How many times have I been won over by a picture and new recipe only to discover it calls for harissa? Even in tiny amounts this Mediterranean pepper paste packs a bright and spicy punch. To leave out the harissa totally changes a dish, and usually not for the better. If you are like me, harissa never makes it to your shopping list. Even if it does, you are not likely to find harissa a common offering at your local grocery, depending on where you live, of course. The closest place for us to purchase harissa is two hours away. We needed another solution.
After some research I began to realize that there are as many harissa recipes as there are cooks to prepare it. How wonderful! You can come up with your own, which is what I did. The recipe below has been influenced by such stunning chefs as Anna Sortun and Yotam Ottolenghi. Reading through their recipes as well as a number of others, I began developing a sense of flavors and textures common to harissa mixtures.
The great breakthrough for me came when I made peace with the fact that we were in the dead of winter and sweet red peppers were not available…except in bottles.

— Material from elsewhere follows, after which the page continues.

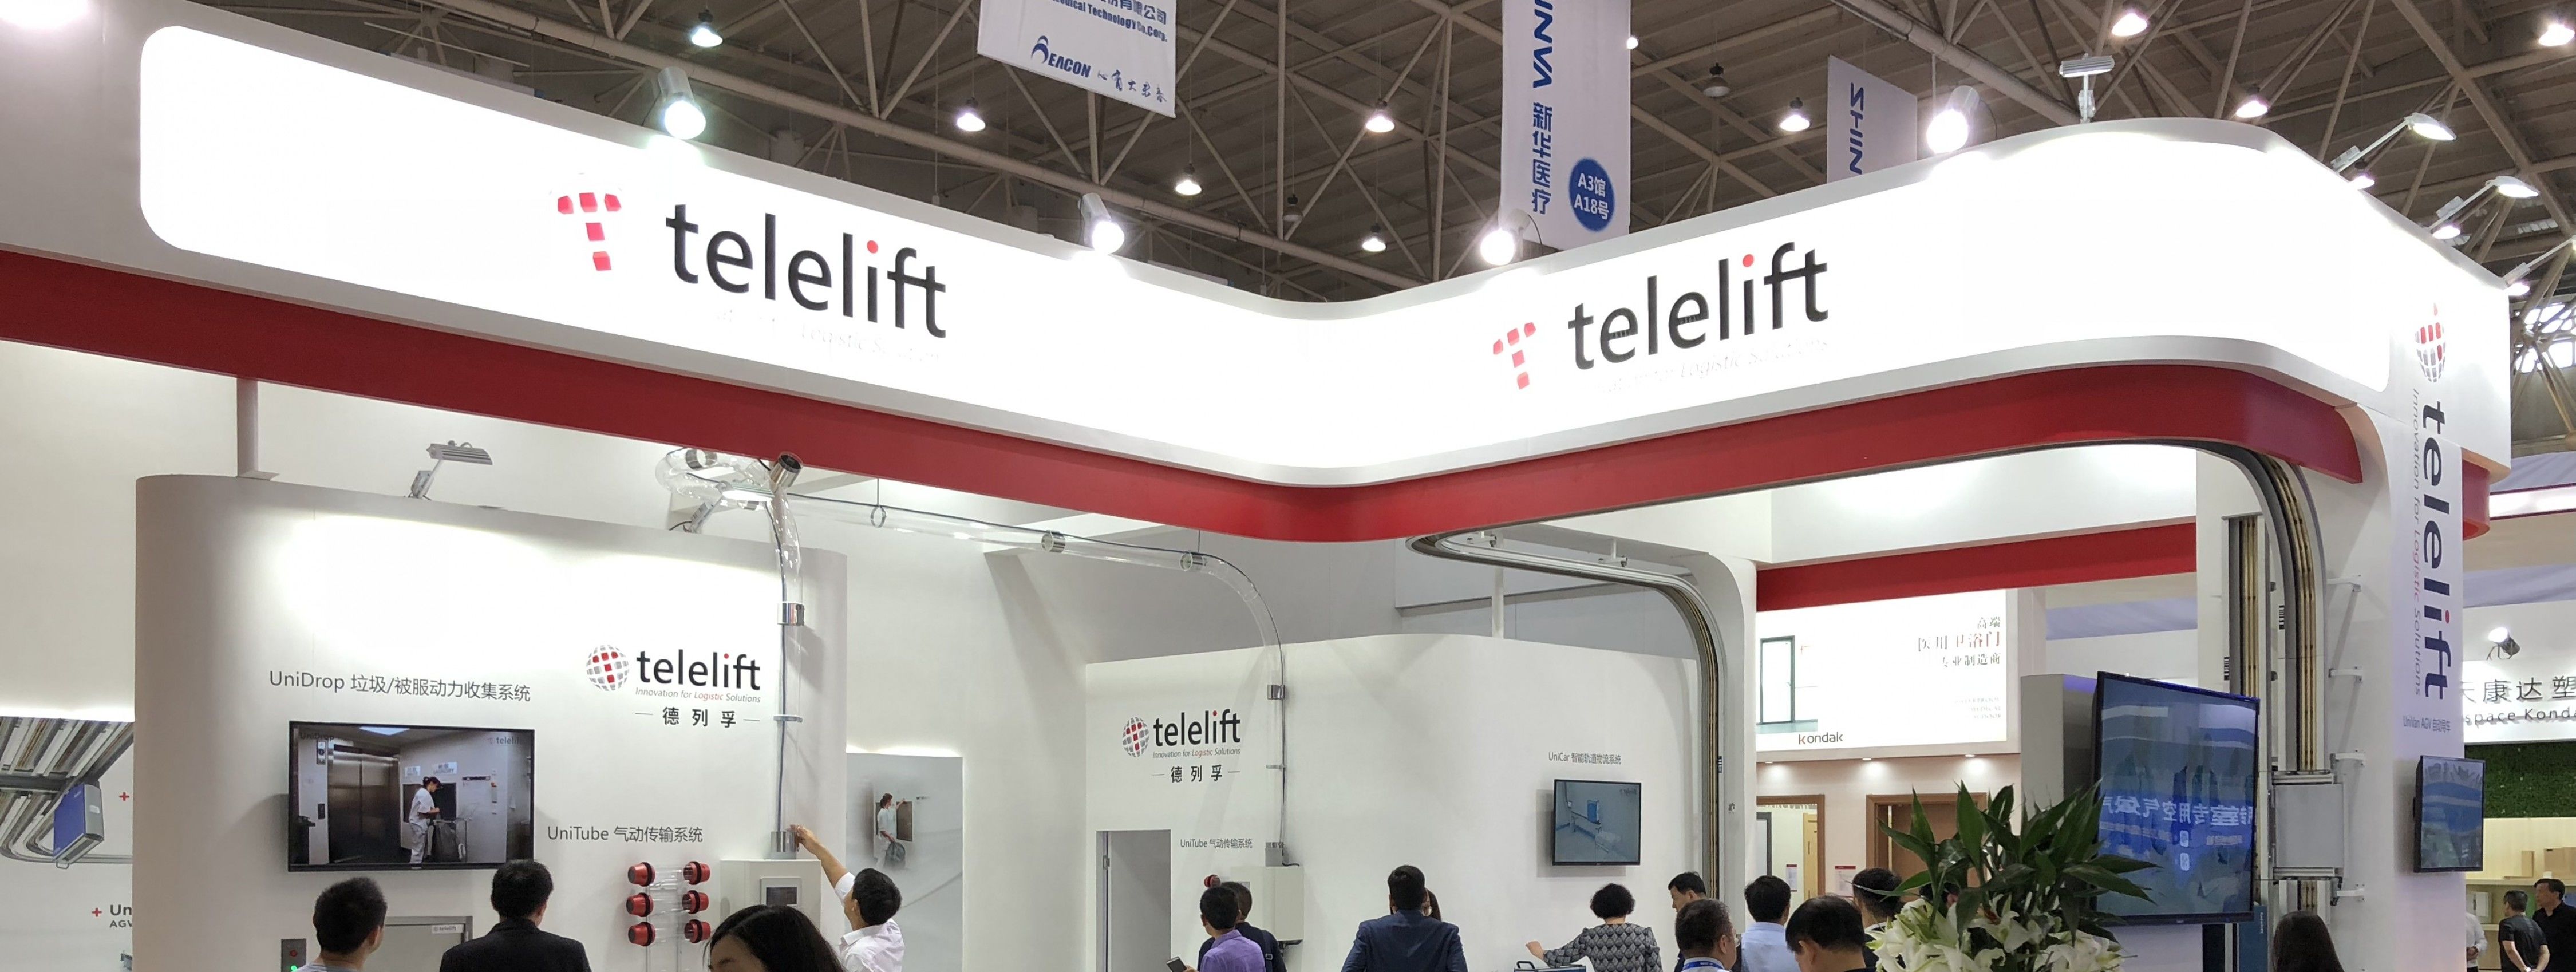 Telelift Events

I am not one to indulge bottled peppers but I found these at a great discount and just went for it.
This harissa with a base of bottled red peppers got rave reviews. Finger-licking good! The debut was mid-February and the harissa tasted like mid-July. Glorious!
A time saver for me has been to double or triple the amount of harissa needed for a dish. The extra harissa gets frozen in ice cube trays, then transferred to freezer bags. It is so handy!
Harissa is good for about 12-14 days if kept in a tightly covered container in the refrigerator. To freeze it, follow the suggestion offered in the post above.